Gas prices may be easing, but that doesn't mean consumers aren't struggling.

Ever since the start of the Ukraine conflict, U.S. gas prices have soared. And that's put many Americans in a tough spot financially.

A lot of people drained their savings during the early stages of the pandemic. And just when they were starting to rebuild financially, living costs started soaring.

Not only has inflation been rampant lately, but gas prices have been sky-high for months. That, in turn, has prompted lawmakers to consider various forms of relief, whether in the form of a gas-specific stimulus or rebate, or a gas tax holiday at either the federal or state level.

But in early July, consumers got a bit of a reprieve at the pump. After reaching a national average price of $5 a gallon the week of June 13, average weekly gas prices have been falling. And during the week of July 7, the average price of a gallon dropped to $4.75, as per AAA.

Clearly, that's a big deal for those who drive often and who have been struggling with higher costs.
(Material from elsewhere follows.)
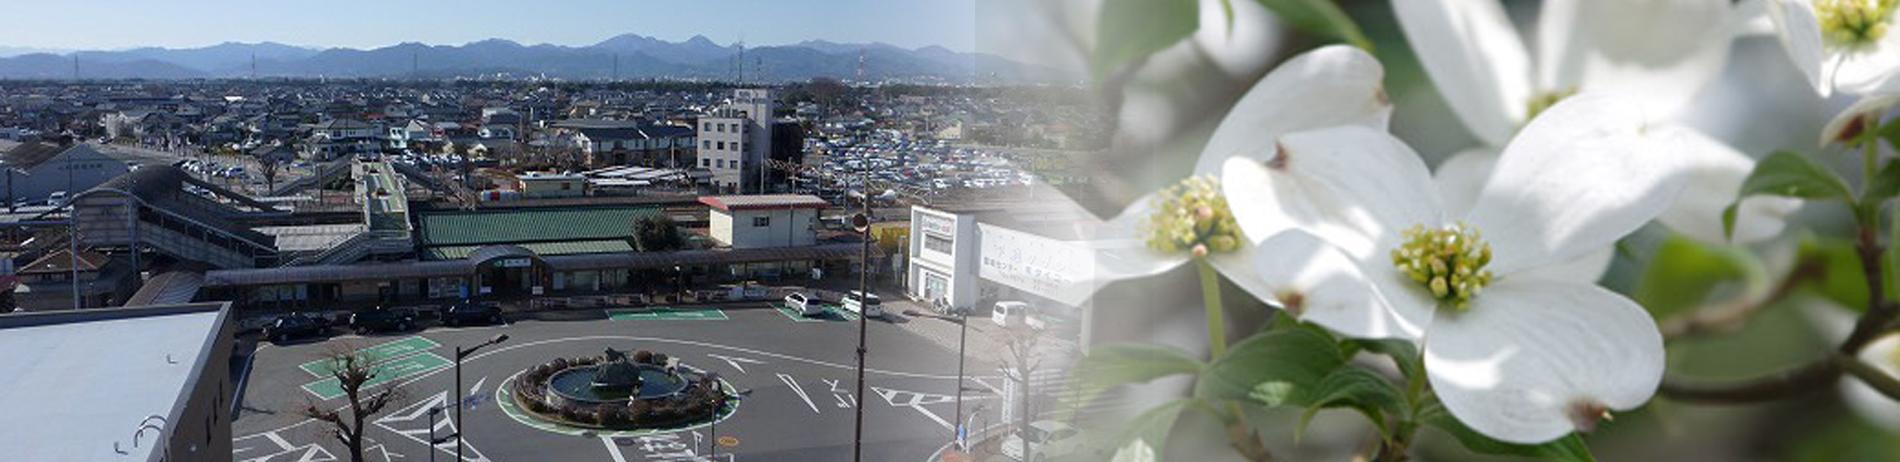 高崎市新町~群馬の南の玄関ここから新しい風が吹く

But unfortunately, consumers may now be stuck in a sort of limbo situation where gas prices are still way higher than usual, but not high enough to warrant more stimulus aid.

Consumers still need help

Last July, families with children saw the first of six monthly Child Tax Credit payments hit their bank accounts. This year, no such aid is on the table, as the boosted credit didn't get approved for 2022.

Not only is the enhanced Child Tax Credit gone, but there are no plans in the works for a federal stimulus check to arrive anytime soon. And given the state of the job market, it's easy to see why.

The U.S. economy added 372,000 new jobs during the month of June, and the unemployment rate sat tight at 3.6%. That's comparable to the pre-pandemic jobless rate, and it also means it's harder to justify another widespread round of stimulus aid.

So where does that leave consumers who are having difficulty paying for gas and other expenses? Unfortunately, in a pretty bad place. While lower jobless numbers are a good thing, they're not helpful for those consumers whose paychecks are falling dangerously short.

Aid is available -- but only in some states

The good news is that many states have recognized the need to dish out stimulus aid and are making plans to send out rebate checks to qualifying residents. But it's largely states with surplus funds in their budgets that are able to take this step. Not every state is issuing stimulus payments, and even within the states that are, not everyone will qualify for aid.

Meanwhile, though gas prices may have dipped recently, they could easily come back up as the summer moves along. Whether that pushes lawmakers to consider additional federal aid is, at this point, really up for debate. Although higher gas costs have been a motivator for lawmakers to try to act in recent months, at this point, they may evolve to become something consumers are expected to just deal with -- even if that means racking up debt to stay afloat.